Following European Commission's antitrust ruling which saw Qualcomm hit with a $1.23 billion fine this January, the technology giant has now officially filed an appeal. According to the filing pictured below, the San Diego-based company alleges that EU investigators incorrectly analyzed and even distorted evidence to reach the case's conclusion. That's based on no fewer than seven pleas entered by Qualcomm on April 6 as part of an ongoing case T-235/18. Among the more prominent points of note is a plea contesting the decision on the basis of "manifest procedural errors." The company goes on to claim that a distortion of evidence occurred which saw its efficiency defense dismissed out of hand and which altered the assessment. Moreover, Qualcomm asserts that the EC failed to provide reasons behind the concluded duration of the "alleged infringement" and that the fines were not proportionate. Lastly, the company is contesting that further errors were made in establishing jurisdiction.
The appeal itself should not come as a surprise, given that the company immediately released a statement of intent just after the ruling. Qualcomm is seeking either a reduction in the amount it is required to pay in fines or a dismissal of the ruling altogether. The appeal could, however, draw out this case substantially. The investigation itself was started back in 2015 and was centered around deals between Apple and Qualcomm. For the investigation in question, the EC concluded that Qualcomm had been preventing competition in the 4G LTE-enabled mobile baseband chip market. The company allegedly used its dominant position for more than a decade to achieve that. Namely, the EC found that Qualcomm had been paying Apple a significant amount of money in order to ensure that the iPhone maker only used its chipsets.

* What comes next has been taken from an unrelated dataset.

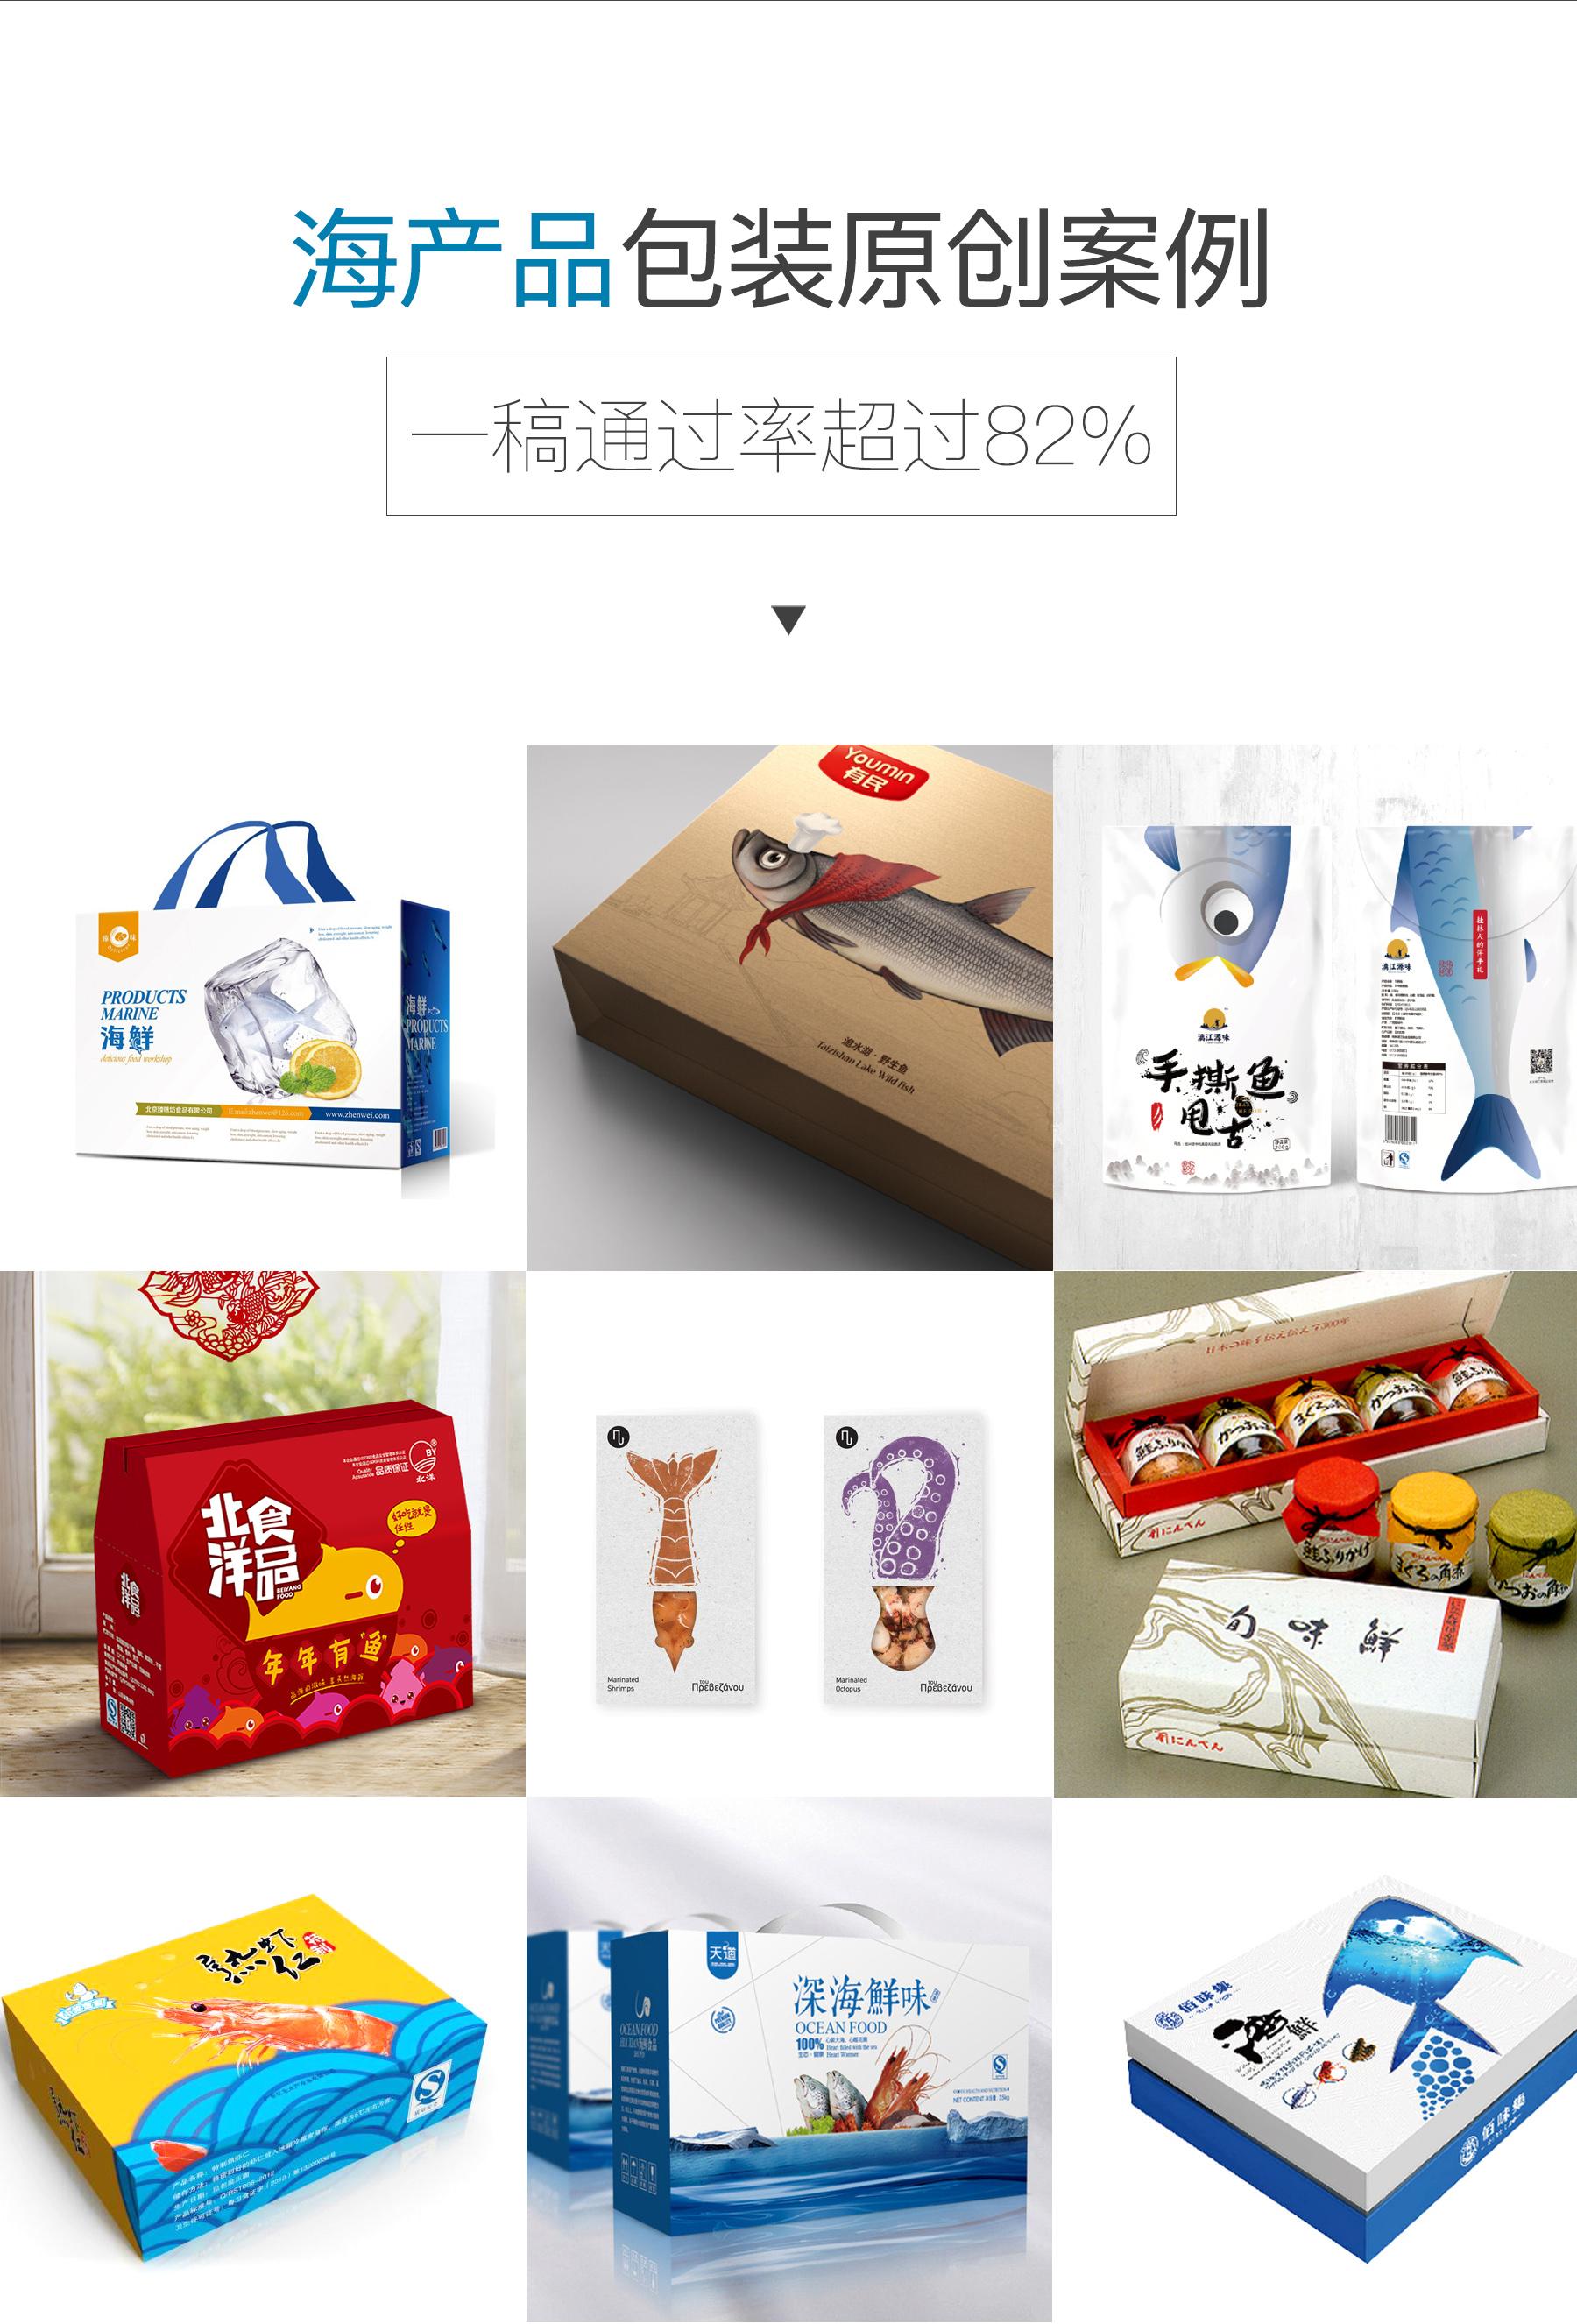 包装设计_【包装】食品酒水茶饮料红酒保健品农产品礼盒母婴原创包装设计6

It bears mention that there's no guarantee Qualcomm's appeal will be successful. This is, after all, not the only similar allegation faced by the leading Android chipset manufacturer and tech company over the course of the past couple of years. Further back in 2017, for example, Apple itself sued Qualcomm over unfair business practices. More recently, the company has faced controversy due to its sporadic release of Wear OS-specific chips and was embroiled in an attempted hostile takeover by Broadcom. With that said, the fines involved in this case are hardly likely to hurt the company's bottom line in the long term.